The first distinction is that there is no option for visual output on devices like the Echo and Echo Dot. This means that, unlike Siri or Cortana, there is no equivalent option to bringing up something like a web page, search results or a map in response to a query. Your only option for responding is with voice. (Yes, there is an Alexa app that does have a UI, but it is typically not a requirement for Alexa's use.)
The second distinction is that Amazon has chosen to let individuals and companies leverage Alexa either by integrating its voice services into their own devices or by building apps (call skills) for Alexa.
In addition, there are two types of skills, a "smart home skill" that adds Alexa integration with various smart home devices. This allows users to control aspects of their home, such as turn on the lights or change the temperature, using their voice. However, a standard skill simply responds to a user's query. You ask Alexa a question and, assuming it has the skill, it answers. It's the latter type of skill we're going to explore today.

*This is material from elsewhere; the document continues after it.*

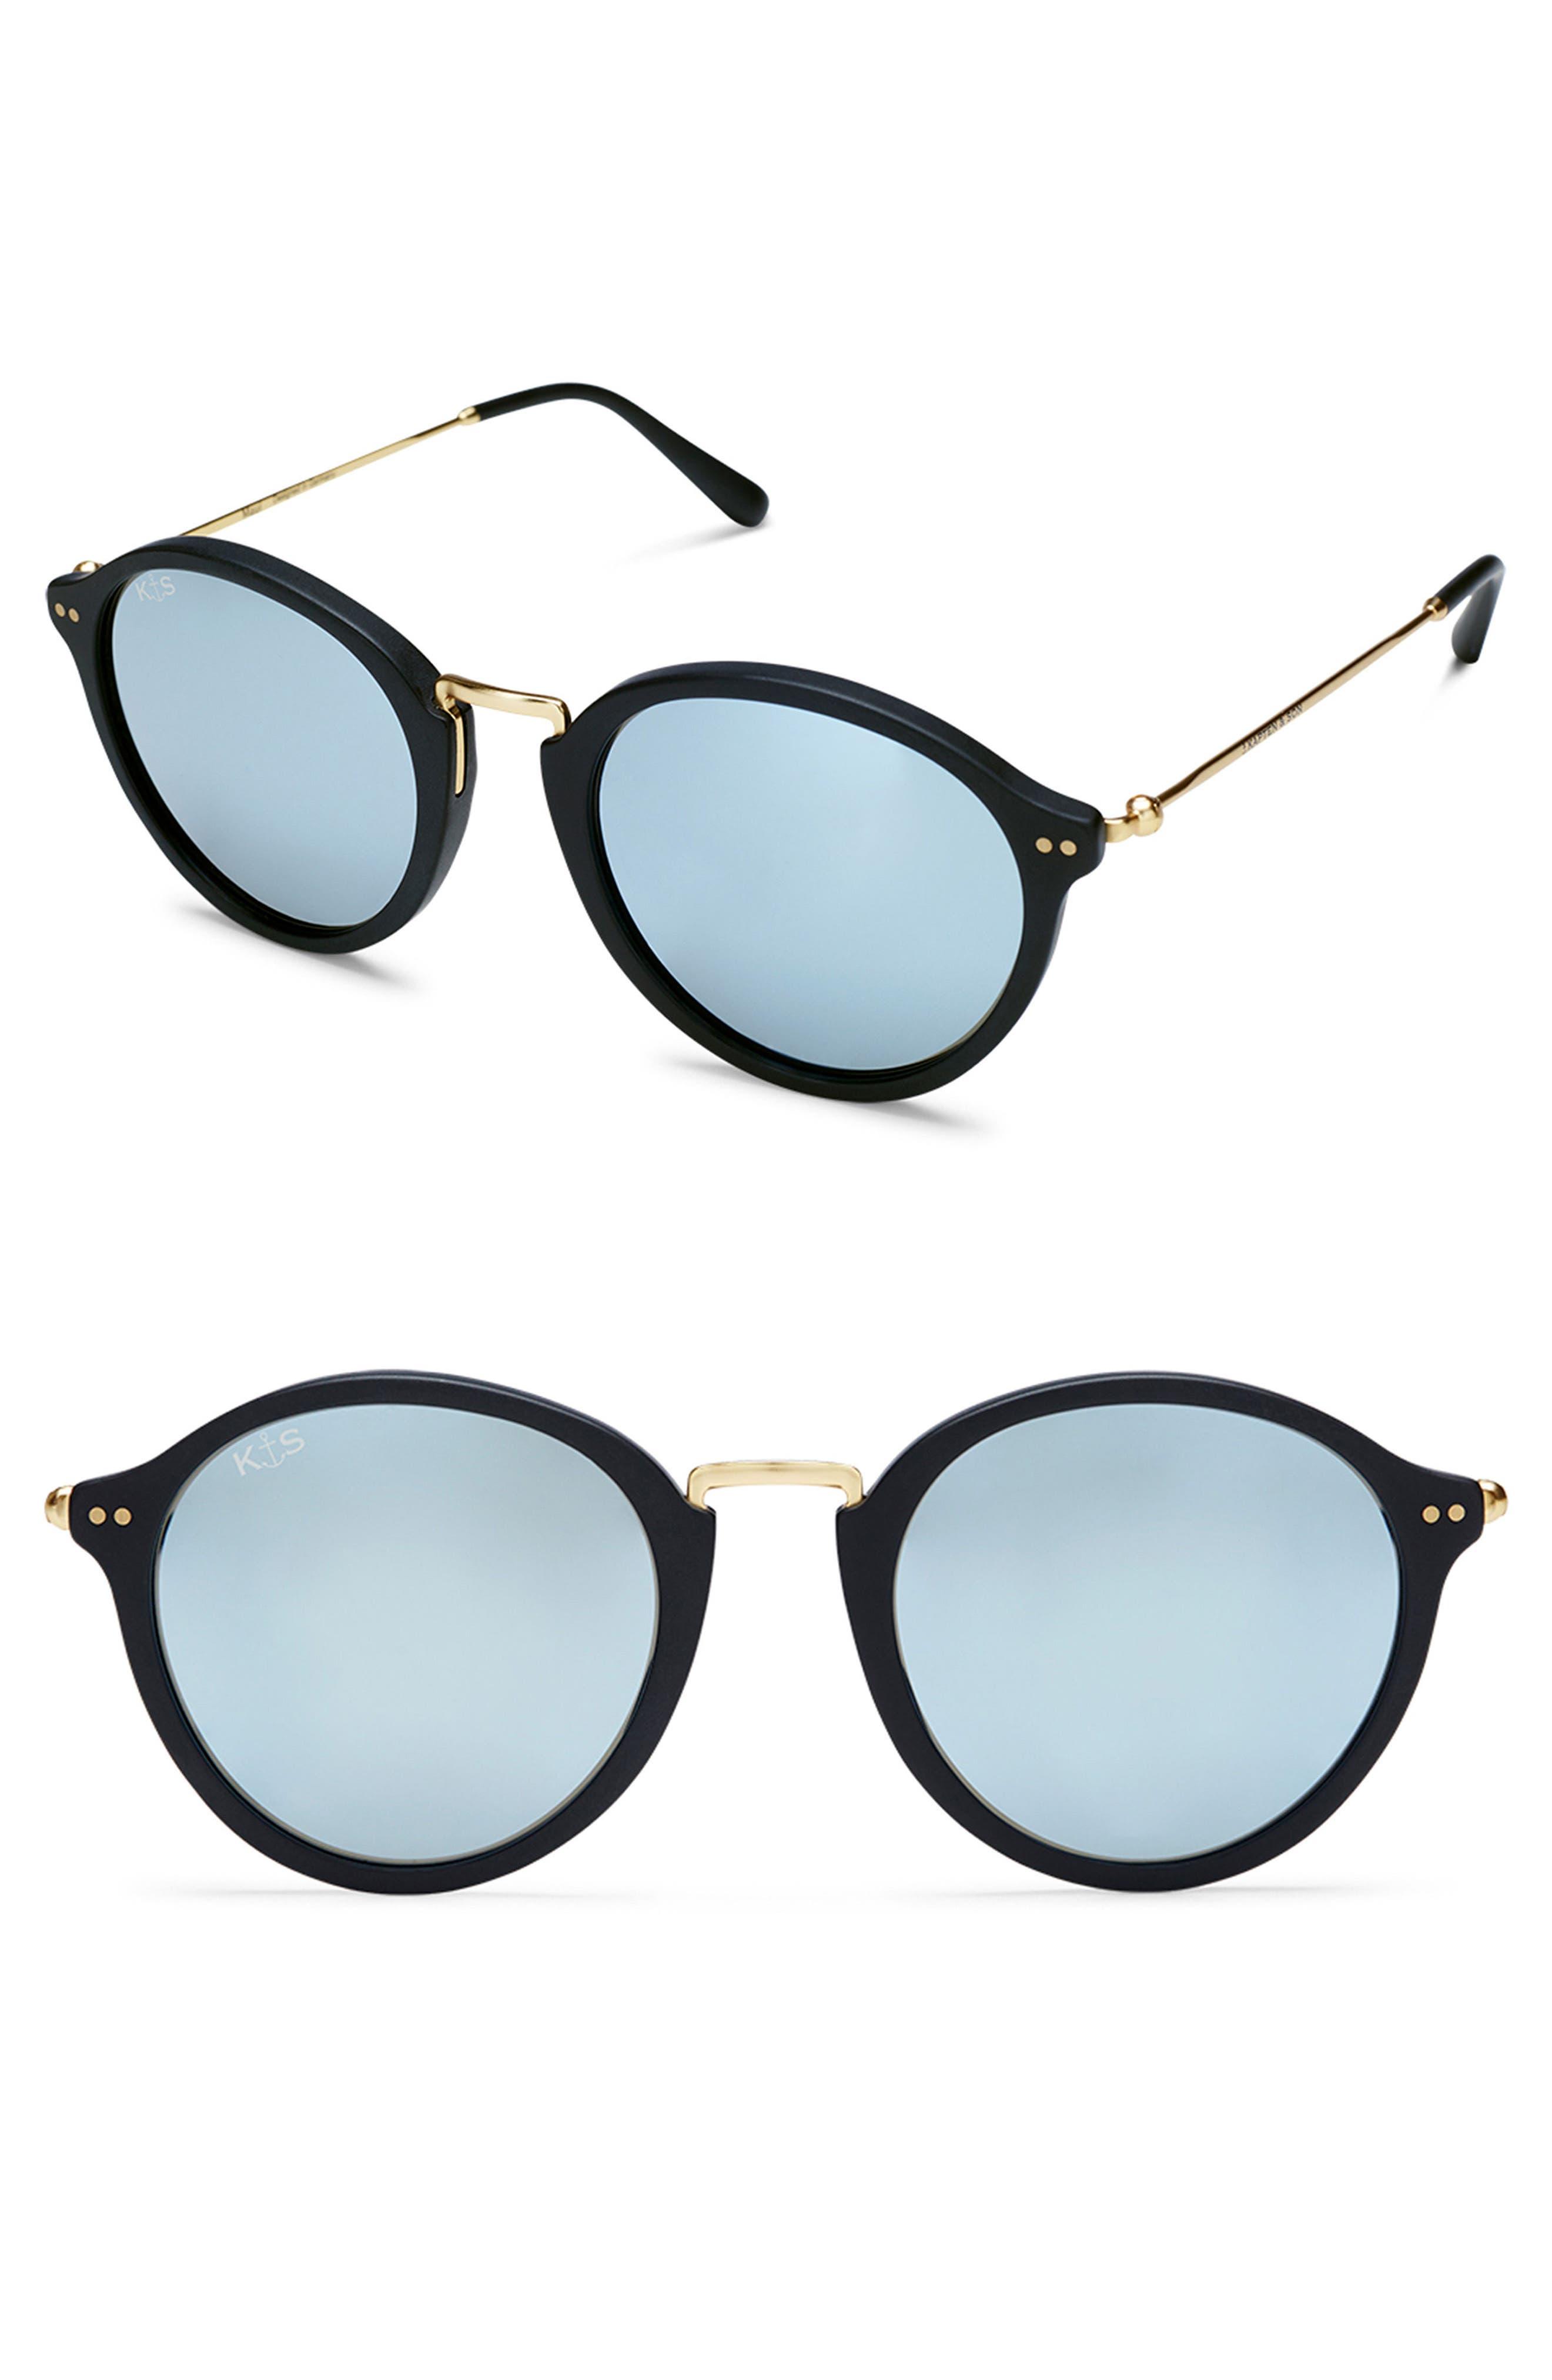 Maui 48mm Sunglasses,                         Main,                         color, Black/ Blue

Alexa skills can be created using JavaScript and Node.js that is deployed to Amazon Web Services. It'll require a free AWS plan (though they will ask for a credit card) and an Amazon developer account, which is also free.
This article won't walk you through all the steps to setting up your accounts, however, Amazon's tutorial for creating a fact skill has detailed instructions on how to set up your accounts (note: some of the images are slightly outdated, but the steps should still be fairly obvious). There is also fairly thorough documentation regarding the Alexa Skills Kit which, as its name implies, allows you to develop new skills for Alexa.
I'll focus on the code required to create the skill and getting that code uploaded and tested both in the browser and on an Echo as well as the complexity in converting data to spoken language.
Amazon has created a number of skills templates that are available on GitHub. They include everything from a simple "Hello World" to a more complex skill that calls an API. It's a good reference point if you plan to develop for Alexa.
I used the Minecraft Helper sample as my starting point. This sample works off a fixed list of potential queries defined by a custom slot type, which is what we'll need to use for the Can I Use data - more on that later.
Can I Use posts its raw data in JSON format to its GitHub project, which means we'll be pulling from a static file containing data rather than a remote API. The data is laid out in a way that supports the site that it powers, meaning that it is designed to be presented in tables, which will pose some issues for converting it to spoken responses.
To begin, I used a JSON Viewer to explore the data and try to understand its structure.
What I needed to do was:
The custom slot type defines all of the values that a user can ask Alexa about for the new skill.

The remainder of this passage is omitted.